To me it looks like skid plates and exhaust system. Skids are about $1500 for a nice set, and exhaust I think around $1000 for after market. The rest you can touch up, wire brush and por-15.

No pic of the bullet hole, maybe it broke the cable?

Likely want a pic of the rotors by the anti lock sensor.
 
A good deal doesn’t override rust. It’s a “good deal” because of the rust. If you intend to keep long term, buy the cleanest one you can find.

I would take higher miles over rusty
 
To me it looks like skid plates and exhaust system. Skids are about $1500 for a nice set, and exhaust I think around $1000 for after market. The rest you can touch up, wire brush and por-15.
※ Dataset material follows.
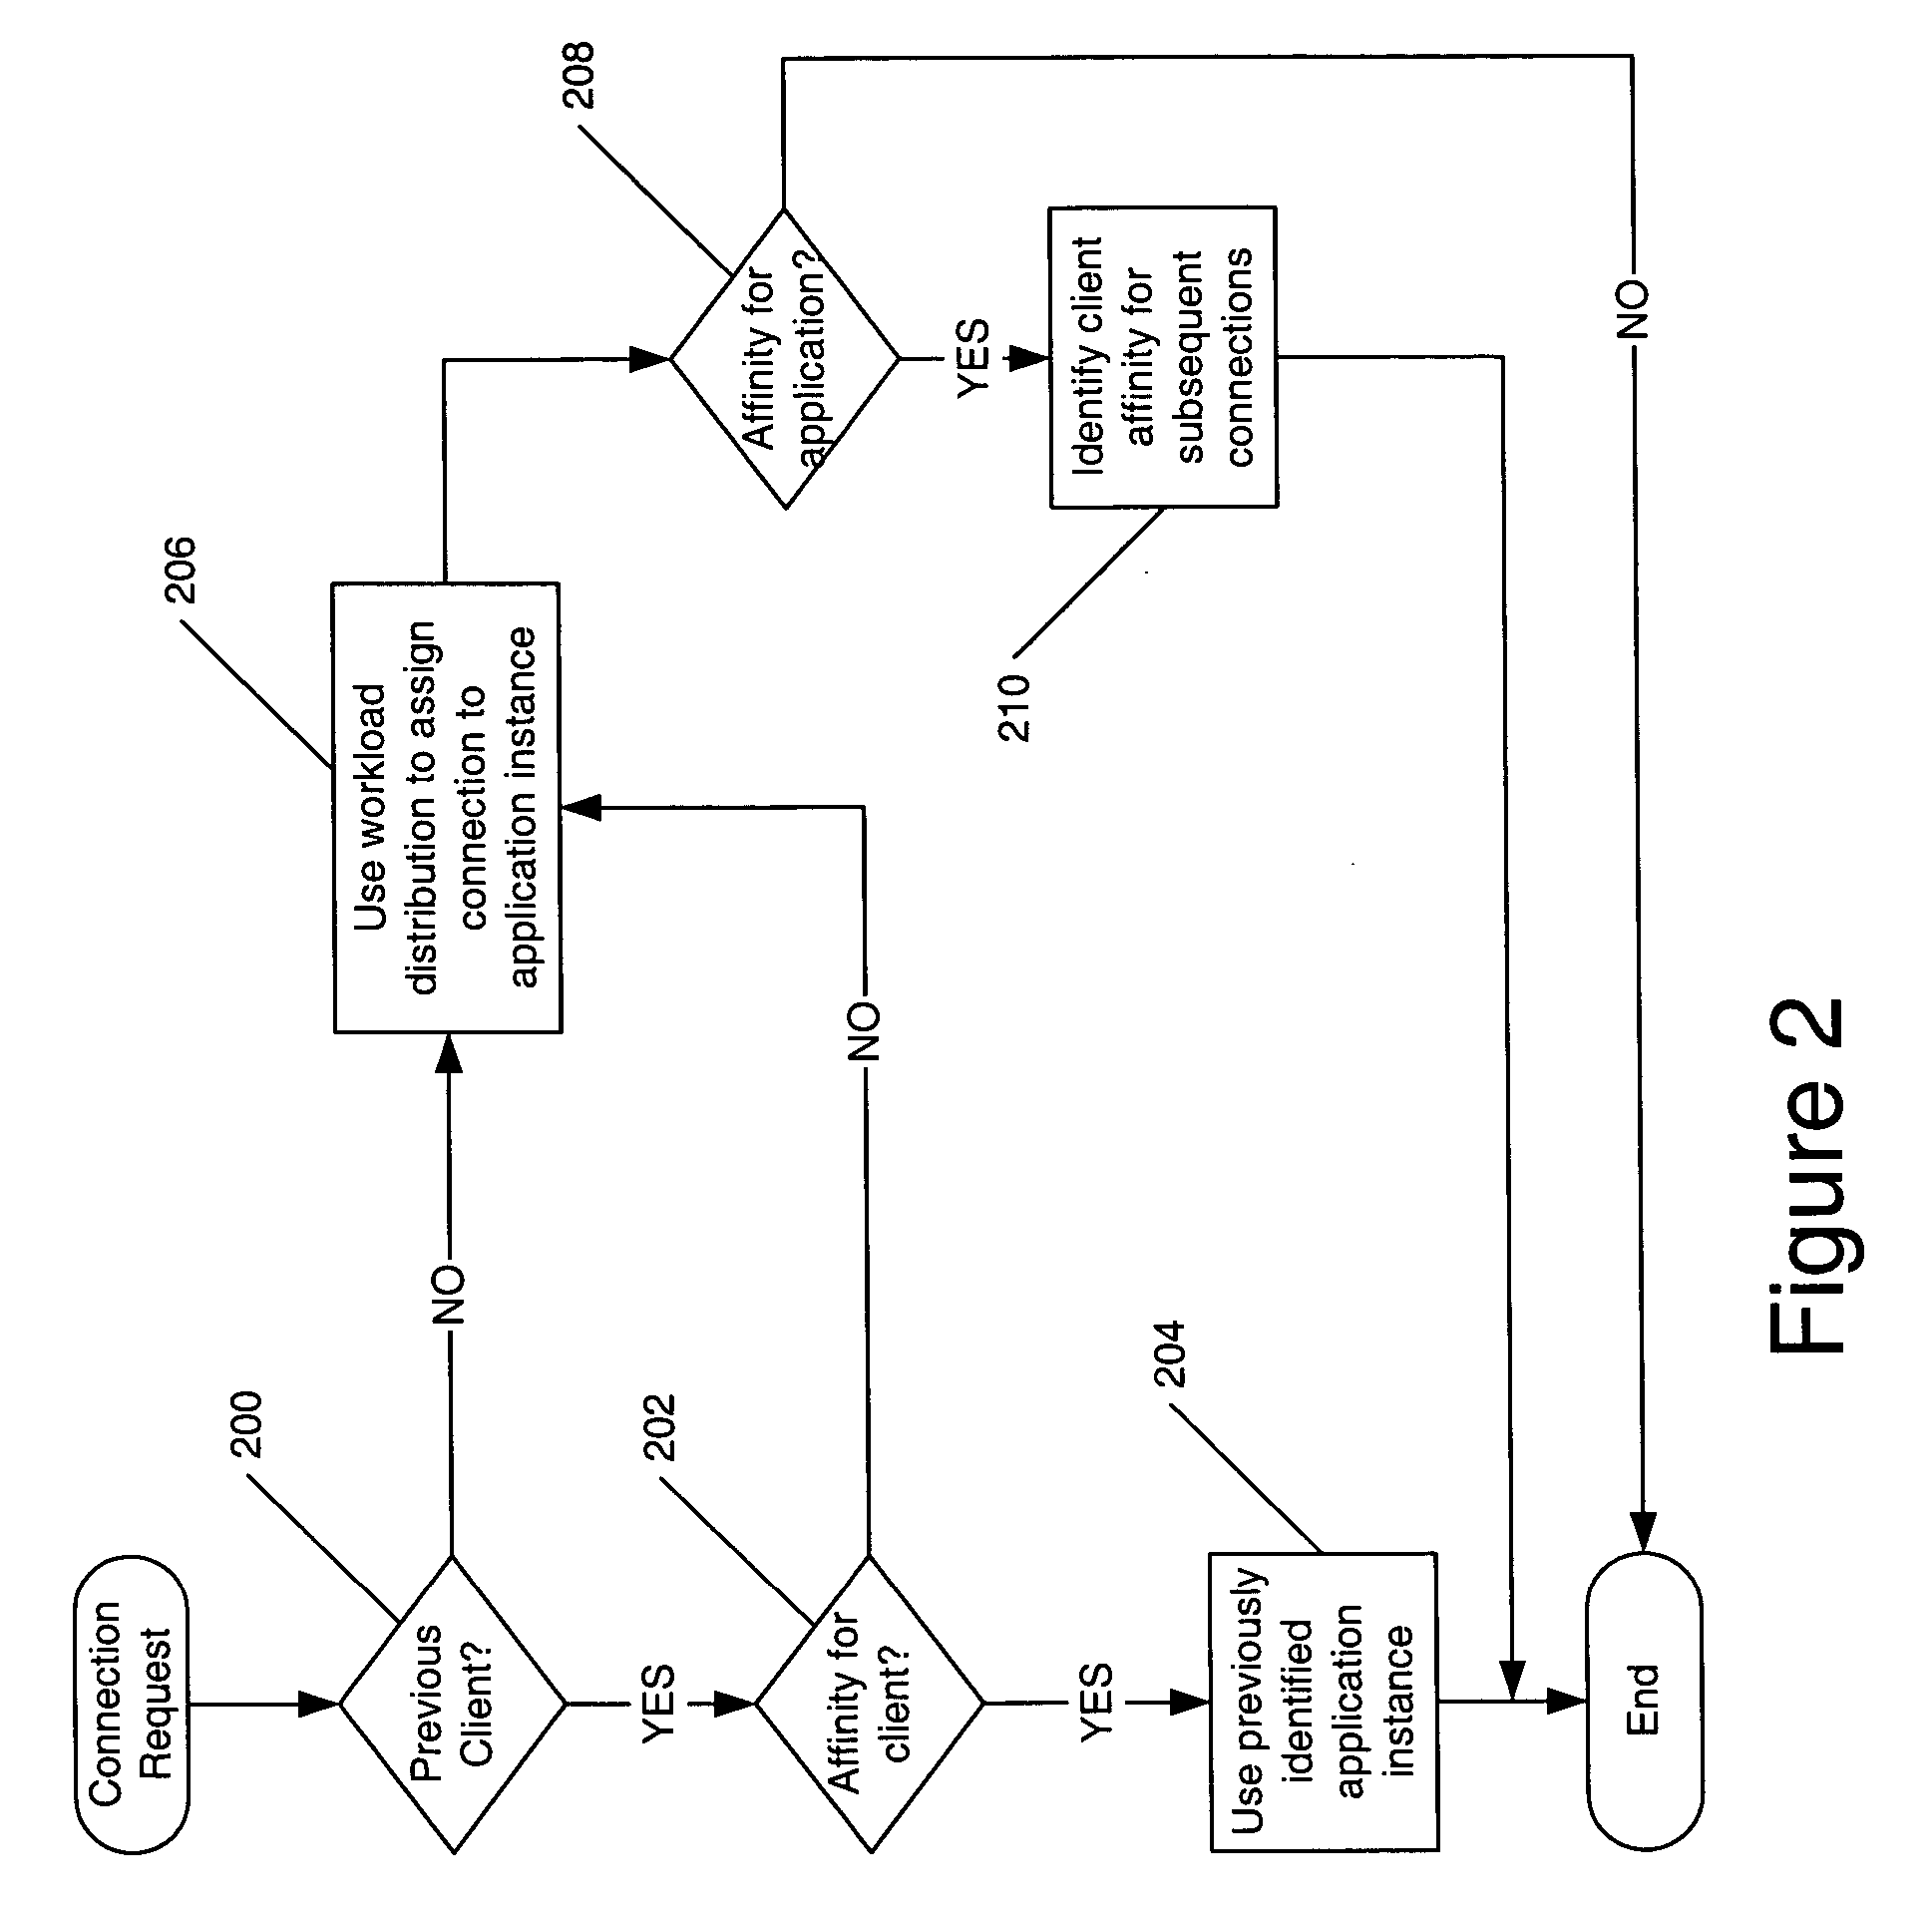 Methods, systems and computer program products for application instance level workload distribution affinities

No pic of the bullet hole, maybe it broke the cable?

Likely want a pic of the rotors by the anti lock sensor.
That doesn’t look very rusty or very serious given the age. But it is just a couple of photos. What does the rear cross member look like? The factory skids are about $400 and are known to rust away. Easy fix. I like the bullet story.
 
I would pass on this given the rust pics. The LX AHC components are starting to rot and that is a PRICEY fix. When that starts going south, good luck getting a mechanic to work on it. AHC is hard enough to fix without it being rusty.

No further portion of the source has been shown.